Minhas forças estavam começando a fraquejar. Não pela quantidade de magia, mas pelo esforço de não deixar tudo sair do controle. Eu precisava me manter no alto, continuar congelando, atacando, enquanto cada súdito ali observava sua princesa que antes não poderia nem sequer chegar perto de um lugar como aquele. Eu continuei. Rangia os dentes para me concentrar em algo, qualquer coisa que não fosse o poder escapando por entre meus dedos. Trinquei a mandíbula, fechei as mãos em punhos, e continuei com os braços estendidos. Quando eu já não podia mais me mexer, quando meus músculos gritavam por ajuda, eu senti.
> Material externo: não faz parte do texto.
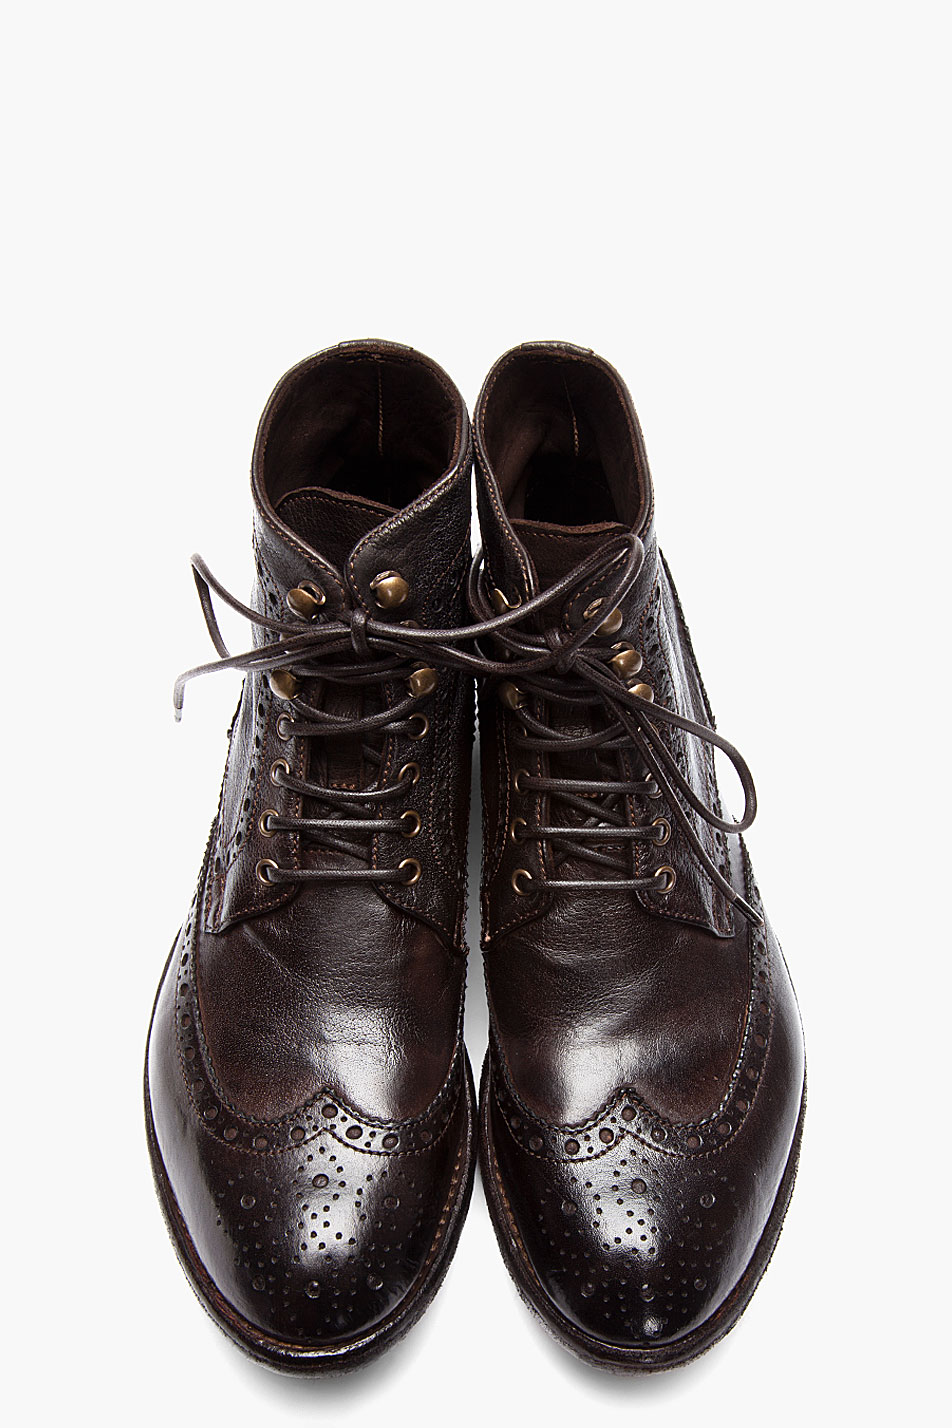 J Shoes Womens Brogues

Ele. Suas mãos deslisaram pelos meus ombros até meus braços, e finalmente suas mãos nas minhas. Elas entrelaçaram seus dedos nos meus, em um encaixe perfeito de magia e peles. Quase chorei de alívio quando senti o controle ser reestabelecido, meu corpo relaxando contra o dele. Caímos para o chão devagar, suas asas minimizaram o impacto dos joelhos. Seu corpo atrás do meu, colado em um encaixe que eu nunca teria com mais ninguém, me estabilizou. Nossos poderes, diante dos meus olhos aguados em lágrimas, se entrelaçaram da forma mais linda. O rosa e o vermelho, saíram em um tufão gigantesco então grotesco de força, que os monstros que sobreviveram, recuaram. Quando acabou, eu queria mais.

Me virei de frente para Temrys, admirando seu rosto que irradiava plenitude, seu sorriso radiante, os olhos mais iluminados daquele mundo. Meus dedos percorreram seu rosto, eu não conseguia parar de sorrir, as lágrimas também não paravam de rolar. O que foi aquilo? Aquela sensação, como se eu estivesse finalmente preenchida por algo, por ele. Não existia mais buraco, medo ou nada mais. Só existia ele.

— Nossa...

Enolan sussurrou quando chegou perto de nós. Uma olhada rápida para os limites da floresta, me mostrou o estrago que havíamos causado. Árvores mortas e grama escura se espalhava pelo lugar. Mas eu também podia concertar aquilo. Me aproximei do local devagar, e encostei as mãos no solo. Aos poucos, como recitar um feitiço antigo falando com a natureza, usei seu próprio poder para restaurar tudo.  Quando me levantei, todos olhavam para mim, boquiabertos.

— O que foi isso? Você e Temrys... — Minha mãe não conseguiu completar a frase.

— Vamos nos unir a vocês. — Meu pai decidiu. — Quando tudo acabar decidimos o que faremos em relação a... Enolan. Mas enquanto os gêmeos nos ameaçarem, vamos lutar juntos. Pelo nosso povo.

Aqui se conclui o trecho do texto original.